Vanessa Bell - Hyde Park Gate, London, UK
Posted by: Groundspeak Regular Member Master Mariner
N 51° 29.966 W 000° 10.882
30U E 695633 N 5709133
This blue plaque indicates that the artist Vanessa Bell (Vanessa Stephen) was "born and lived here until 1904". The plaque is attached to a building at the southern end of Hyde Park Gate on the east side and is one of three blue plaques.
Waymark Code: WMRA2Y
Location: London, United Kingdom
Date Posted: 05/30/2016
Published By:Groundspeak Premium Member bluesnote
Views: 1

Wikipedia has an article about Vanessa Bell that advises:

Vanessa Bell (née Stephen; 30 May 1879 – 7 April 1961) was an English painter and interior designer, a member of the Bloomsbury Group and the sister of Virginia Woolf.

Vanessa Stephen was the eldest daughter of Sir Leslie Stephen and Julia Prinsep Duckworth (1846–1895). The family, including her sister Virginia; brothers Thoby (1880–1906) and Adrian (1883–1948), and half-brothers, George and Gerald Duckworth, lived at 22 Hyde Park Gate, Westminster, London. She was educated at home in languages, mathematics and history, and took drawing lessons from Ebenezer Cook before she attended Sir Arthur Cope's art school in 1896, and then studied painting at the Royal Academy in 1901.

In later life she alleged that during her childhood she had been sexually molested by her half-brothers, George and Gerald Duckworth.

After the deaths of her mother in 1895 and her father in 1904, Vanessa sold 22 Hyde Park Gate and moved to Bloomsbury with Virginia and brothers Thoby and Adrian, where they met and began socialising with the artists, writers and intellectuals who would come to form the Bloomsbury Group. The Bloomsbury Group's first Thursday evening meetings began at Bell's house in Gordon Square.

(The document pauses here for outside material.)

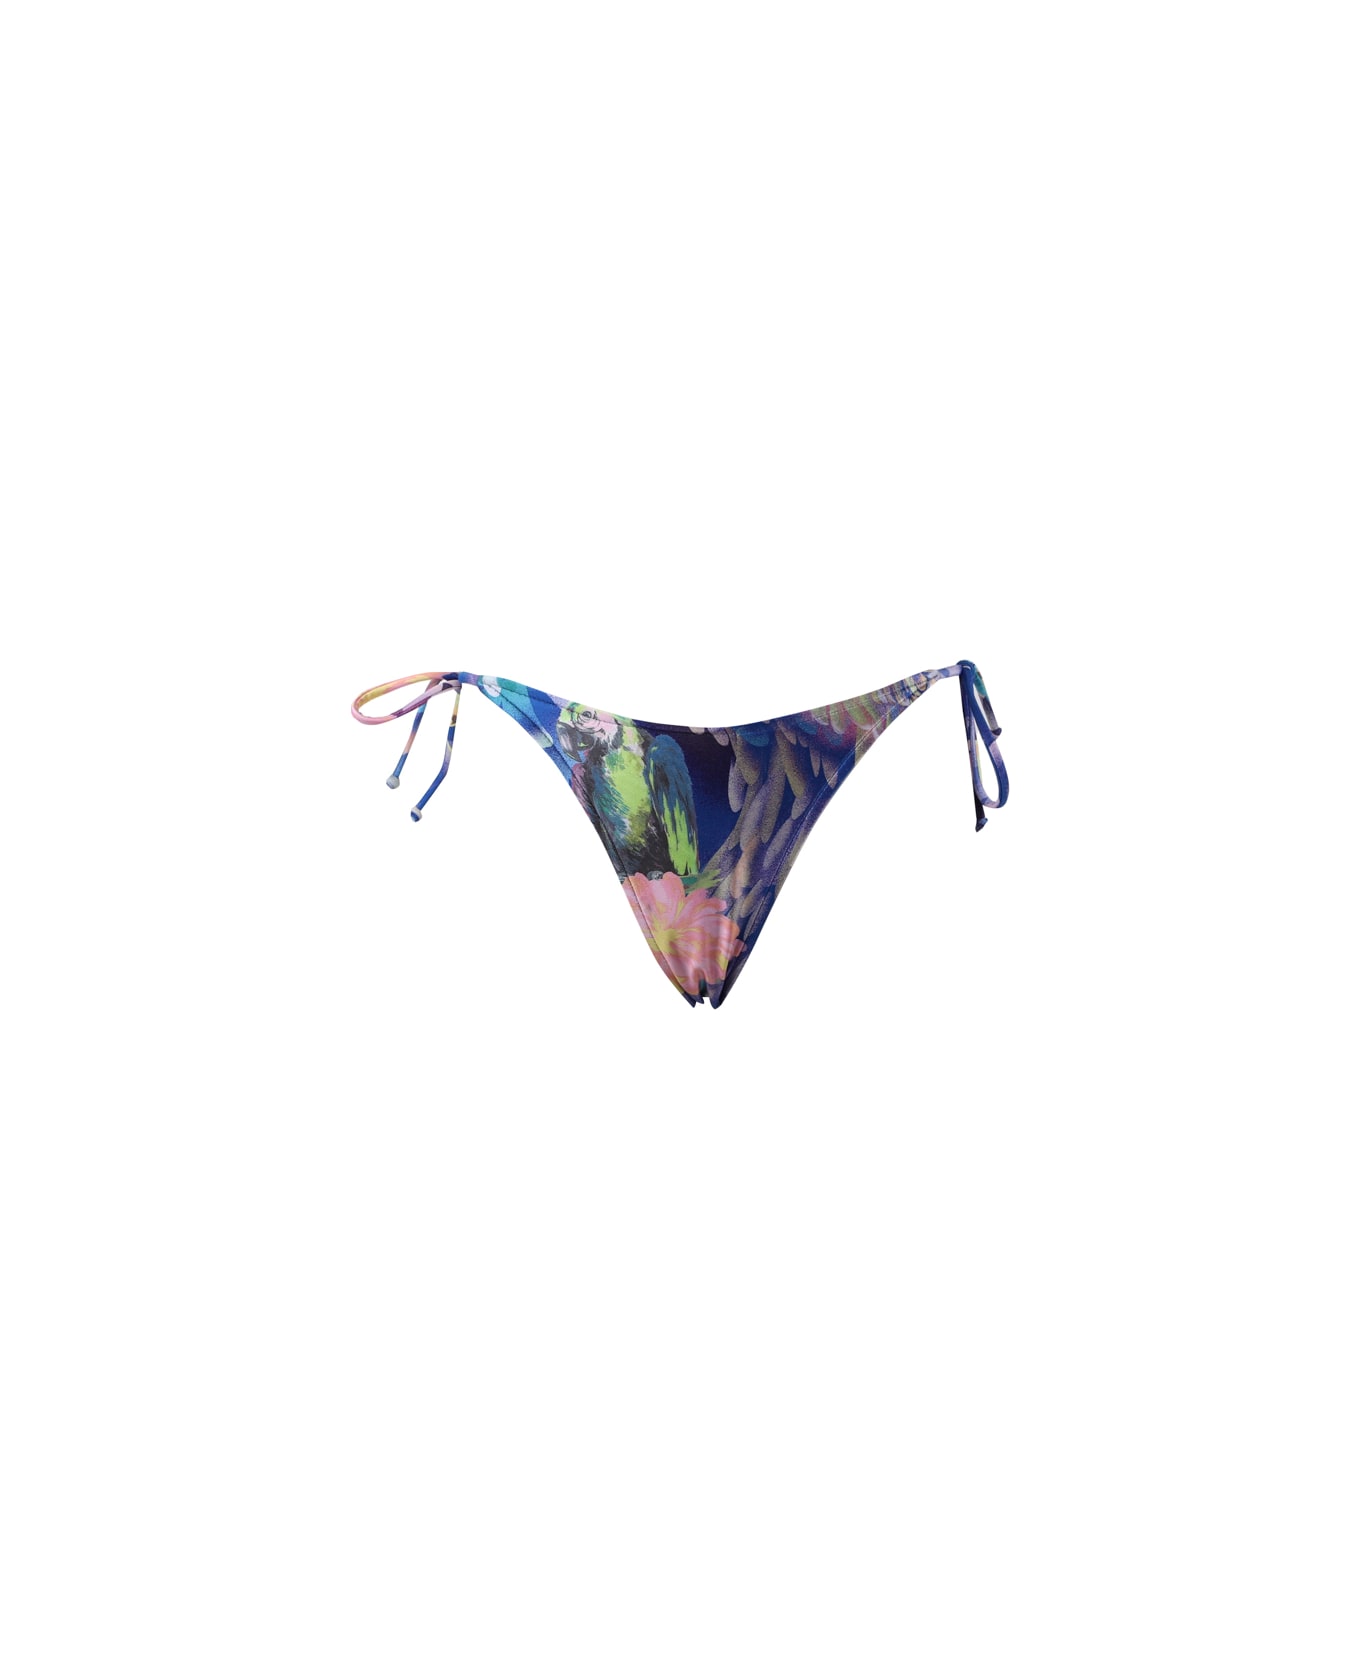 Moschino Swim Briefs Floral - Fantasy print blue

She married Clive Bell in 1907 and they had two sons, Julian (who died in 1937 during the Spanish Civil War at the age of 29) and Quentin. The couple had an open marriage, both taking lovers throughout their lives. Bell had affairs with art critic Roger Fry and with the painter Duncan Grant, with whom she had a daughter, Angelica in 1918, whom Clive Bell raised as his own child.

Vanessa, Clive, Duncan Grant and Duncan's lover David Garnett moved to the Sussex countryside shortly before the outbreak of the First World War, and settled at Charleston Farmhouse near Firle, East Sussex, where she and Grant painted and worked on commissions for the Omega Workshops established by Roger Fry. Her first solo exhibition was at the Omega Workshops in 1916.

In 1906, when Bell started to think of herself as an artist, she formed the Friday Club to create a place in London that was more favourable to painting. Vanessa was encouraged by the Post-Impressionist exhibitions organised by Roger Fry, and she copied their bright colours and bold forms in her artworks. In 1914, she turned to Abstraction.

Bell rejected the examples of Victorian narrative painting and rejected a discourse on the ideal and aberrant qualities of femininity. Some of Vanessa Bell’s works were related to her personal life. For example, her illustration for To the Lighthouse, the book by her sister Virginia Woolf, which was not published until 1927, is about a beach with lighthouse that was a part of Bell’s and Woolf's childhood in St Ives, Cornwall.

Bell is one of the most celebrated painters of the Bloomsbury group. She exhibited in London and Paris during her lifetime, and has been praised for innovative works during her early maturity and for her contributions to design.

Bell's paintings include Studland Beach (1912), The Tub (1918), Interior with Two Women (1932), and portraits of her sister Virginia Woolf (three in 1912), Aldous Huxley (1929–1930), and David Garnett (1916).

Bell’s first solo exhibition in 1916 was held in the Omega Workshop in London, a prominent place for exhibitions which supported young artists and introduced design work to the public. Bell became the director of the Omega Workshop around 1912

Design for Overmantel Mural (1913), oil on paper. It depicts herself and Molly MacCarthy naked in Bell’s studio at 46 Gordon Square.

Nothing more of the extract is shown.